Because of the limited rate of vertical transport in the ocean, more than half of the anthropogenic carbon can still be found in the upper 400 m, and it is undetectable in most of the deep ocean (Figure 5.11). The vertical penetration of anthropogenic carbon is consistent with the DIC changes observed between two cruises (Peng et al., 1998, 2003). Anthropogenic carbon has penetrated deeper in the North Atlantic and subantarctic Southern Ocean compared to other basins, due to a combination of: i) high surface alkalinity (in the Atlantic) which favours the uptake of CO2, and ii) more active vertical exchanges caused by intense winter mixing and by the formation of deep waters (Sabine et al., 2004b).
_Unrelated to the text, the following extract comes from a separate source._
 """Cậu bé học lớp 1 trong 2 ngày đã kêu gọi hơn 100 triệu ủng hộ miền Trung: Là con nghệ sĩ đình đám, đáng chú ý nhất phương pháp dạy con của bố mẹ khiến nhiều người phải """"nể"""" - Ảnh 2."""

The deeper penetration of anthropogenic carbon in these regions is consistent with similar features observed in the oceanic distribution of chlorofluorocarbons (CFCs) of atmospheric origin (Willey et al., 2004), confirming that it takes decades to many centuries to transport carbon from the surface into the thermocline and the deep ocean. Deeper penetration in the North Atlantic and subantarctic Southern Ocean is also observed in the changes in heat content shown in Figure 5.3. The large storage of anthropogenic carbon observed in the subtropical gyres is caused by the lateral transport of carbon from the region of mode water formation towards the lower latitudes (Figure 5.10).

Figure 5.11

Figure 5.11. Mean concentration of anthropogenic carbon as of 1994 in μmol kg–1 from Sabine et al. (2004b) averaged over (a) the Pacific and Indian Oceans and (b) the Atlantic Ocean. The calculation of anthropogenic carbon is described in the caption of Figure 5.10 and in the text (Section 5.4).
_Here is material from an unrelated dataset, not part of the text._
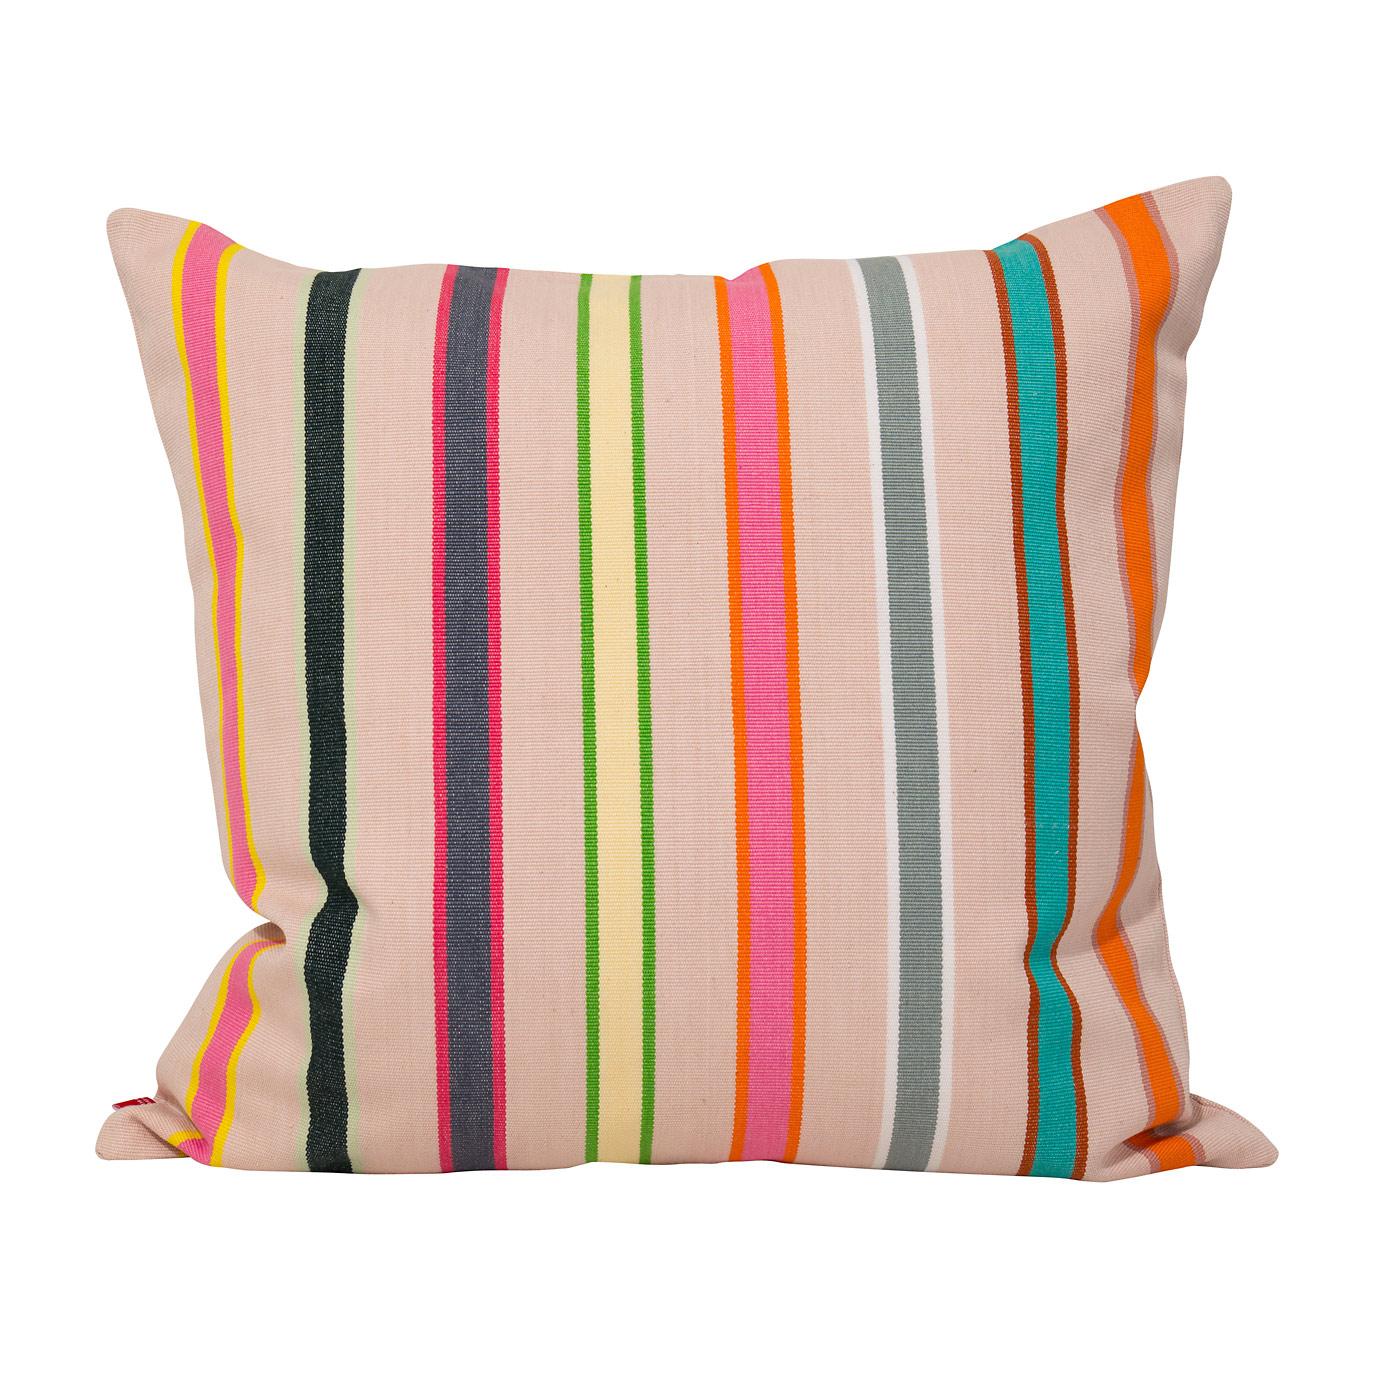 Cora Cushion Cover 50x50cm, Mix

The fraction of the net CO2 emissions taken up by the ocean (the uptake fraction) was possibly lower during 1980 to 2005 (37% ± 7%) compared to 1750 to 1994 (42% ± 7%); however the uncertainty in the estimates is larger than the difference between the estimates (Table 5.1). The net CO2 emissions include all emissions that have an influence on the atmospheric CO2 concentration (i.e., emissions from fossil fuel burning, cement production, land use change and the terrestrial biosphere response). It is equivalent to the sum of the atmospheric and oceanic CO2 increase. Because the atmospheric CO2 is well constrained by observations, the uncertainty in the net CO2 emissions is nearly equal to the uncertainty in the oceanic CO2 increase. The decrease in oceanic uptake fraction would be consistent with the understanding that the ocean CO2 sink is limited by the transport rate of anthropogenic carbon from the surface to the deep ocean, and also with the nonlinearity in carbon chemistry that reduces the CO2 uptake capacity of water as its CO2 concentration increases (Sarmiento et al., 1995).
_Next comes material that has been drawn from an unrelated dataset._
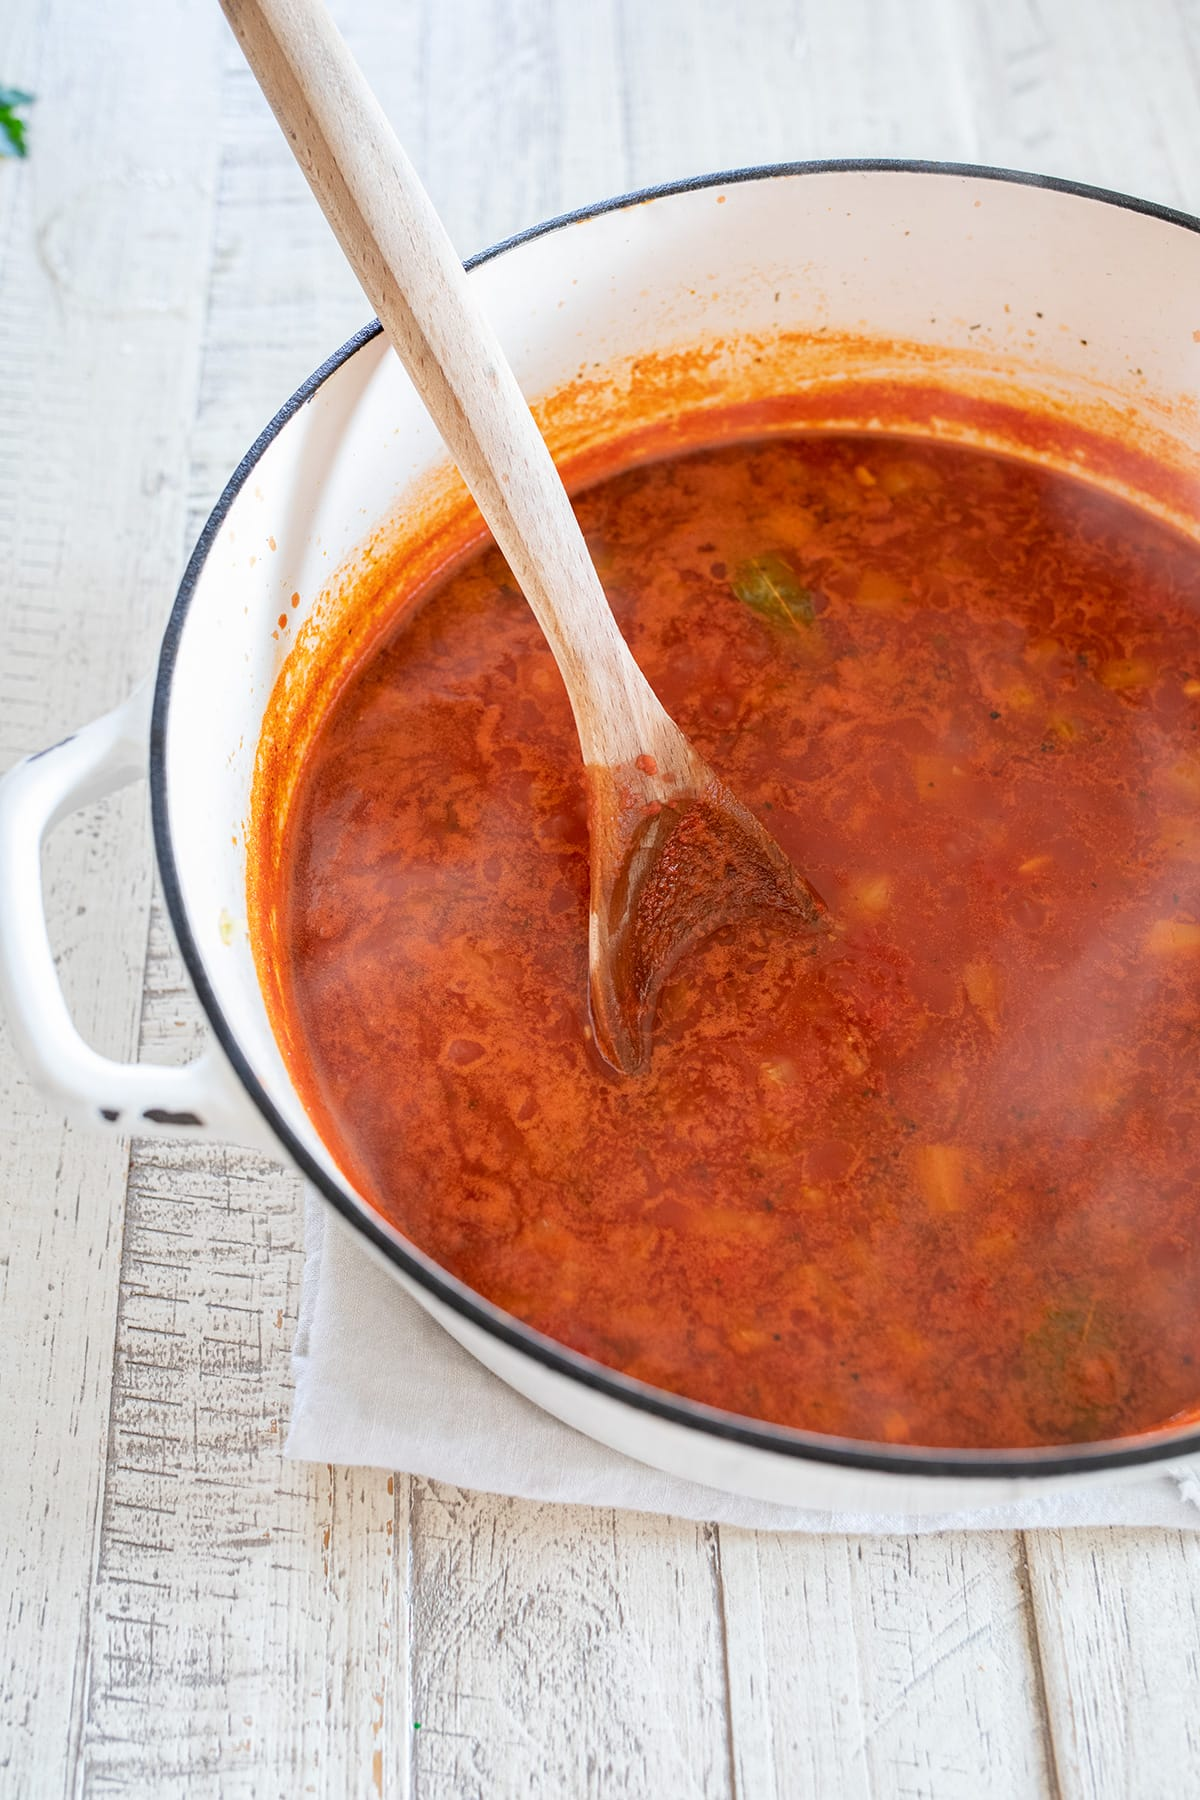 Italian Cioppino Seafood Stew Recipe

Table 5.1. Fraction of CO2 emissions taken up by the ocean for different time periods.

Time Period  Oceanic Increase (GtC)  Net CO2 Emissionsa (GtC)  Uptake Fraction (%)  Reference 
1750–1994  118 ± 19  283 ± 19  42 ± 7  Sabine et al., 2004b 
1980–2005b  53 ± 9  143 ± 10  37 ± 7  Chapter 7c  


a Sum of emissions from fossil fuel burning, cement production, land use change and the terrestrial biosphere response.

b The longest possible time period was used for the recent decades to minimise the effect of the variability in atmospheric CO2.

c Sum of the estimates for the 1980s, 1990s and 2000 to 2005 from Table 7.1.